Newton's Second Law (F = ma)

The acceleration of an object is directly proportional to the resultant force acting on it and inversely proportional to its mass. The acceleration is in the direction of the resultant force.

$\boxed{F = m \times a}$

Where:

• $F$ = resultant force (in newtons, N)
• $m$ = mass (in kilograms, kg)
• $a$ = acceleration (in metres per second squared, m/s²)

Rearranging the Equation

$a = \frac{F}{m} \qquad m = \frac{F}{a}$

What the Equation Tells Us

1. Greater force → greater acceleration (for the same mass)

   • Pushing harder on a trolley makes it accelerate faster

2. Greater mass → smaller acceleration (for the same force)
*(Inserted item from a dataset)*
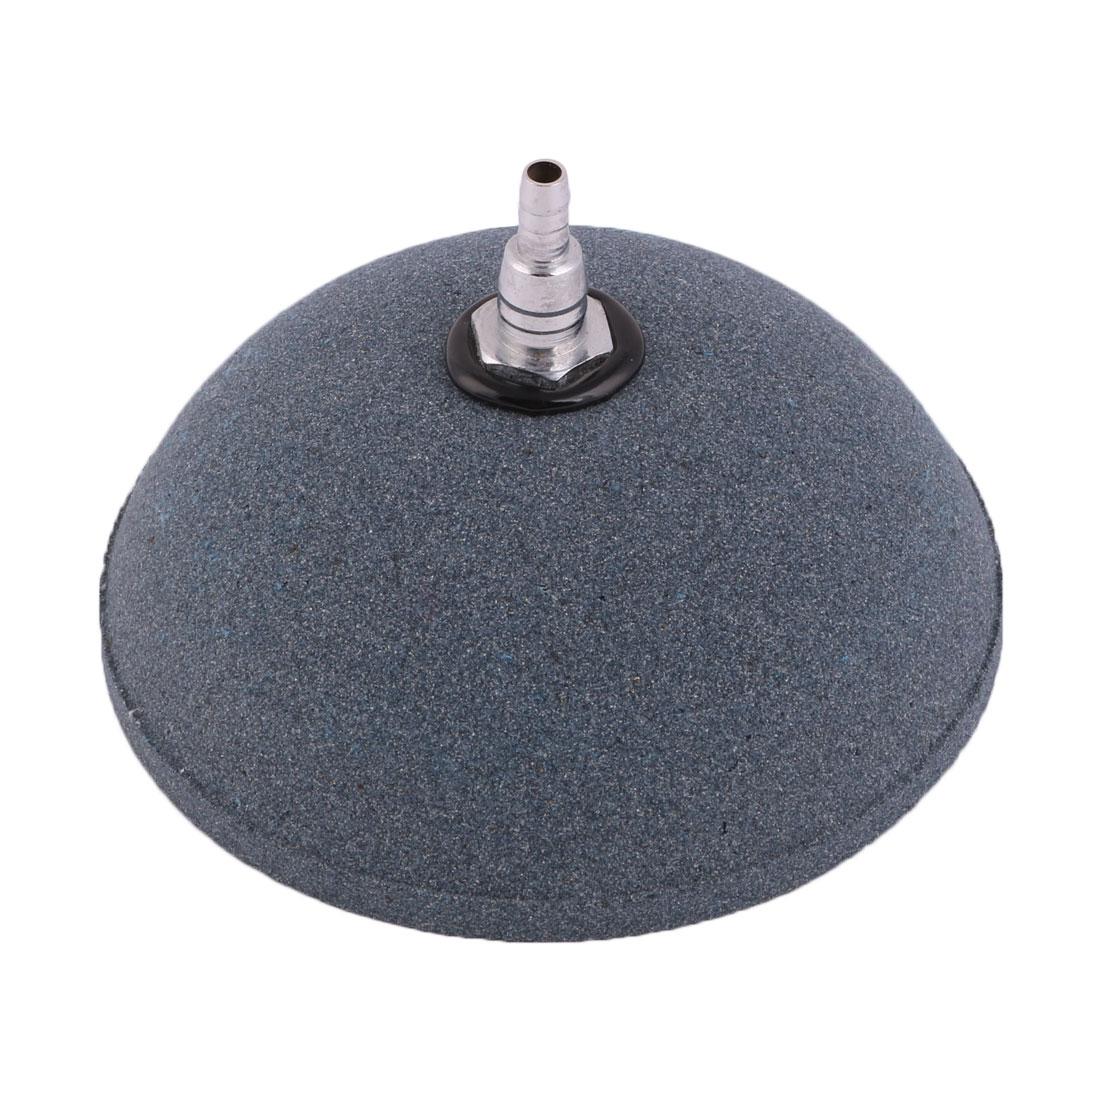 Aquarium Fish Tank Mineral Bubbles Oxygen Diffuser Air Stone 10cm Diameter Dark Gray
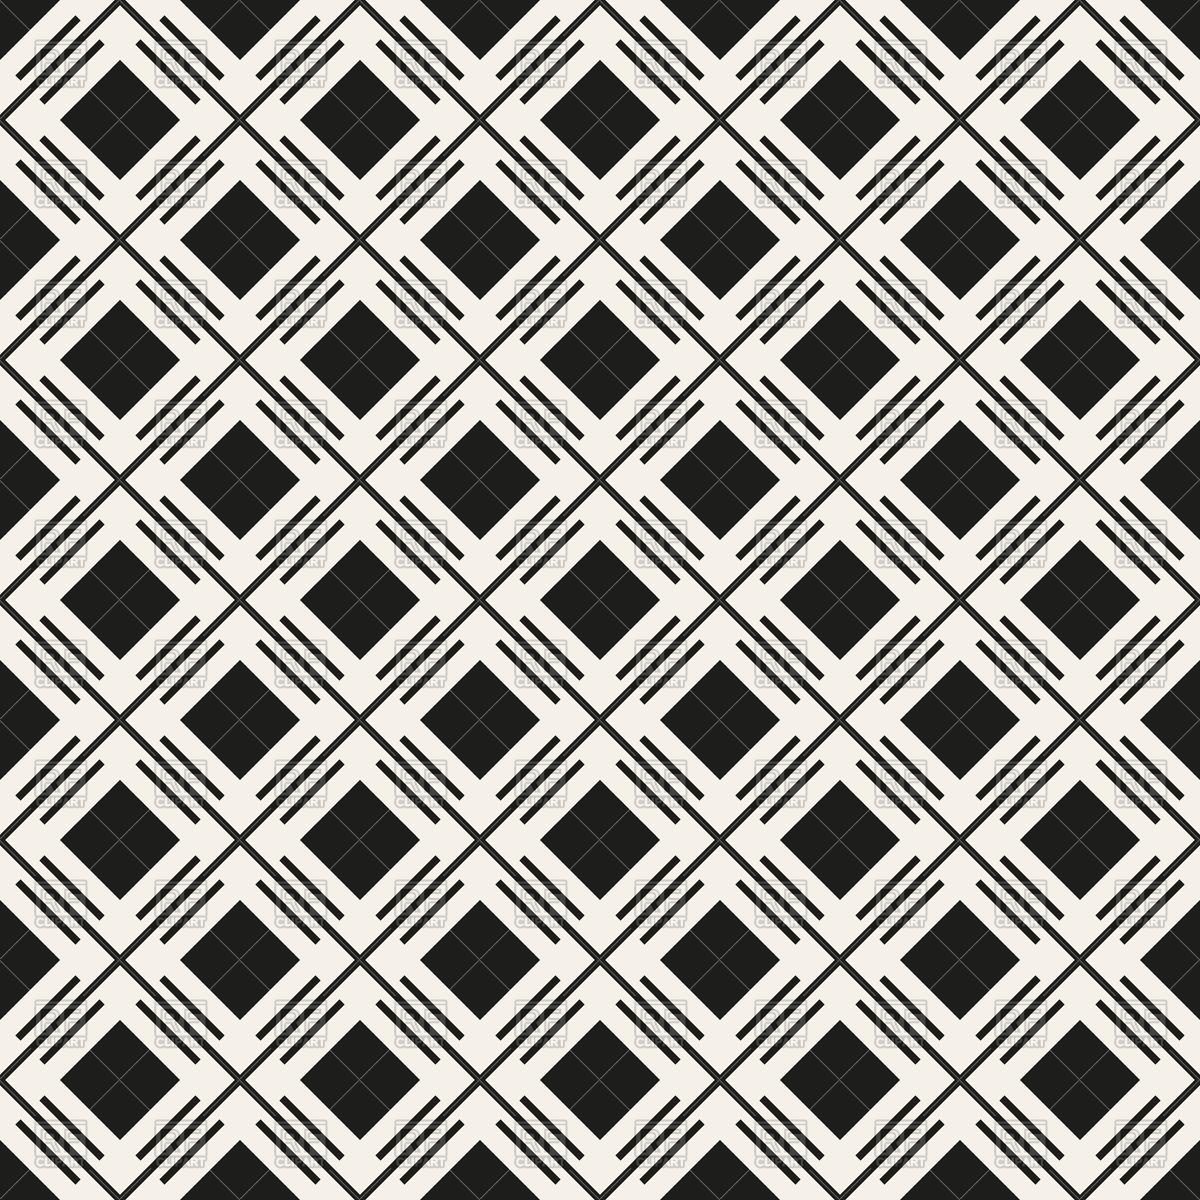 1200x1200 Seamless Geometric Monochrome Pattern With Rhombus Vector Image

   • A fully loaded lorry accelerates more slowly than an empty one with the same engine force

3. The direction of acceleration is the same as the direction of the resultant force

Defining the Newton

One newton (N) is defined as the force needed to give a mass of 1 kg an acceleration of 1 m/s²:

$1 \text{ N} = 1 \text{ kg} \times 1 \text{ m/s}^2 = 1 \text{ kg m/s}^2$

$F \propto a$ (at constant mass)

If you double the force, the acceleration doubles.

Graph: A straight line through the origin when plotting $a$ against $F$ (at constant $m$).

$a \propto \frac{1}{m}$ (at constant force)

If you double the mass, the acceleration halves.

Graph: A curve when plotting $a$ against $m$. A straight line through the origin when plotting $a$ against $1/m$.

1. Identify the resultant force (this is the net force, not just one of the forces)
2. Write the values you know: $F$, $m$, $a$
3. Rearrange $F = ma$ if necessary
4. Substitute the values
5. Calculate and give the answer with correct units

Aim

To investigate the effect of varying force and varying mass on the acceleration of an object.

Equipment

• Dynamics trolley
• Ramp or flat surface
• Pulley
• String
• Slotted masses (hanging weights)
• Light gates or ticker timer
• Balance

Method (Varying Force)

1. Set up a trolley on a flat, smooth surface connected by a string over a pulley to hanging masses
2. Keep the total mass constant (trolley + hanging masses)
3. Start with one hanging mass — release the trolley and measure its acceleration
4. Move one mass from the trolley to the hanging masses (keeps total mass the same)
5. Repeat for several different hanging masses
6. Plot a graph of acceleration (y-axis) against force (x-axis)

Expected Result (Varying Force)

A straight line through the origin — showing acceleration is directly proportional to force (when mass is constant).

Method (Varying Mass)

1. Keep the hanging mass (force) constant
2. Add masses to the trolley to change the total mass
3. For each mass, release the trolley and measure the acceleration
4. Plot a graph of acceleration (y-axis) against 1/mass (x-axis)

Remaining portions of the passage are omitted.